Cette histoire si courte de la littérature provençale a quelque chose de touchant; il s'en dégage je ne sais quelle impression douce et mélancolique qui nous pénètre intimement. Les troubadours sont comme ces poètes morts jeunes ou malheureux auxquels la postérité se montre tout particulièrement sympathique, et dont les œuvres bénéficient de la pitié qu'excitent leurs malheurs. La littérature provençale a produit des œuvres qui peuvent se passer de considérations de ce genre; elle n'a pas besoin de notre pitié pour éveiller notre admiration. Mais la sympathie que nous éprouvons pour elle avant même de la bien connaître doit avoir au moins un résultat : c'est de nous faire rechercher et étudier avec une pieuse curiosité les moindres monuments qu'elle nous a laissés.

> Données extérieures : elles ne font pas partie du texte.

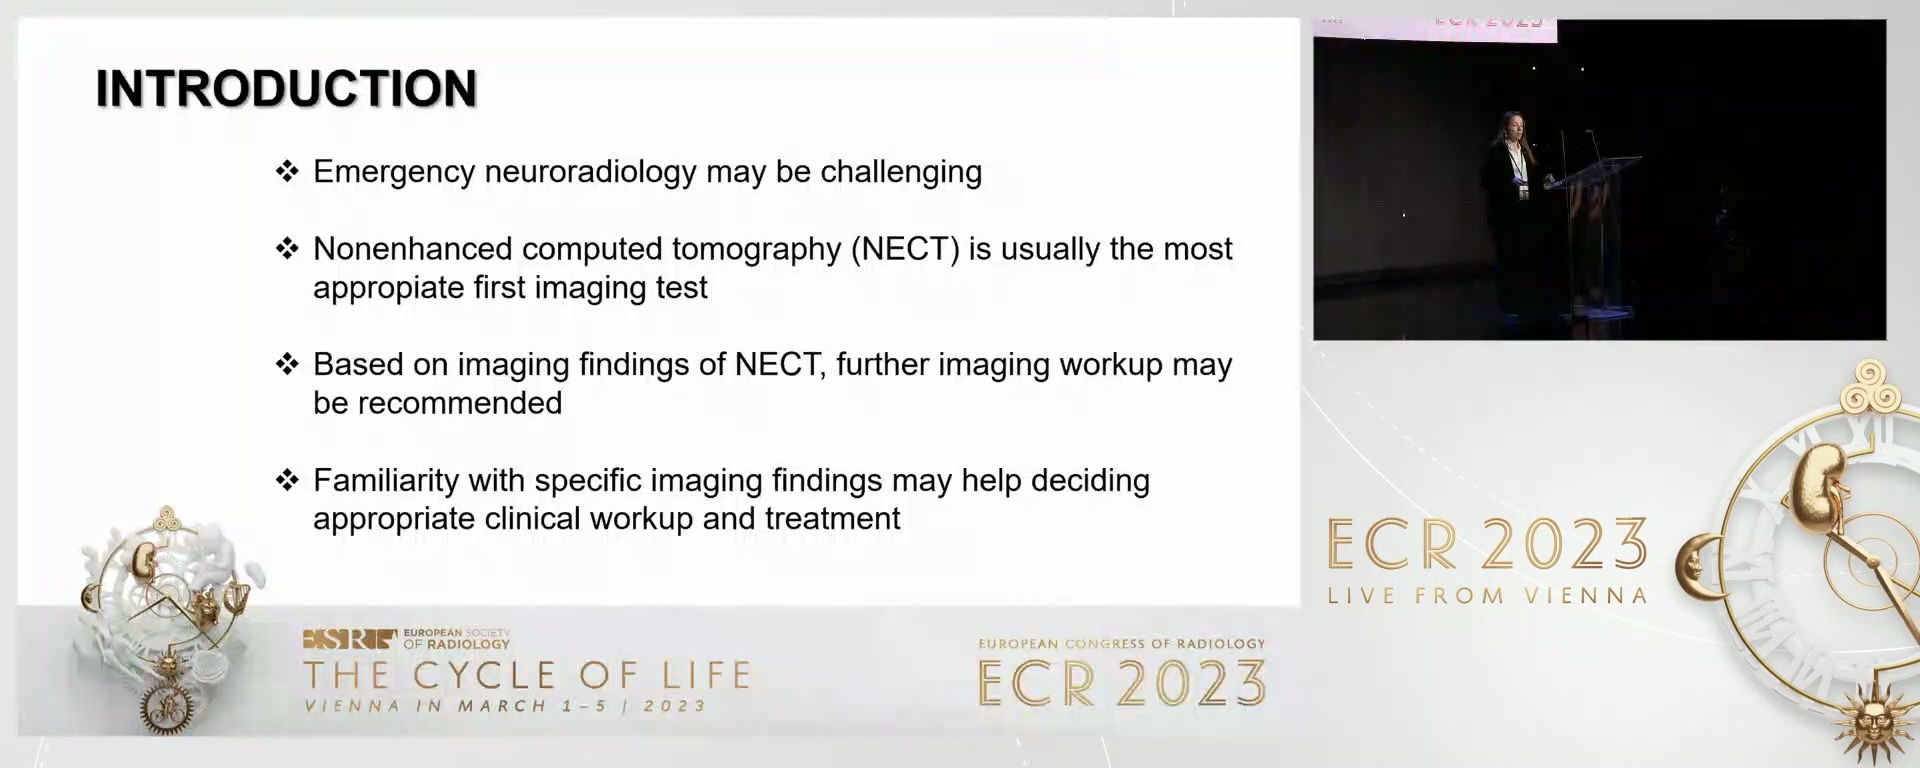 Life-threatening conditions in emergency neuroimaging

On n'aurait qu'une idée bien incomplète du mouvement littéraire dont le provençal a été l'expression si l'on se bornait à étudier ce mouvement dans les pays où il s'est produit, développé et éteint. Son influence a franchi non seulement la Loire, mais les Pyrénées et les Alpes; en Espagne et en Italie, l'étude et le culte de la littérature provençale ont précédé la naissance des littératures nationales, et l'on a pu dire justement (1): « Ce ne

(1) Leçon d'ouverture faite au collège de France (27 avril 1876), par M. Paul Meyer De l'influence des Troubadours sur la poésie des peuples romans (Romania, V, 257-268).

sont pas seulement des sujets ou des formes poétiques que la poésie provençale a transmis à la poésie de l'Espagne et surtout de l'Italie, c'est l'existence même. »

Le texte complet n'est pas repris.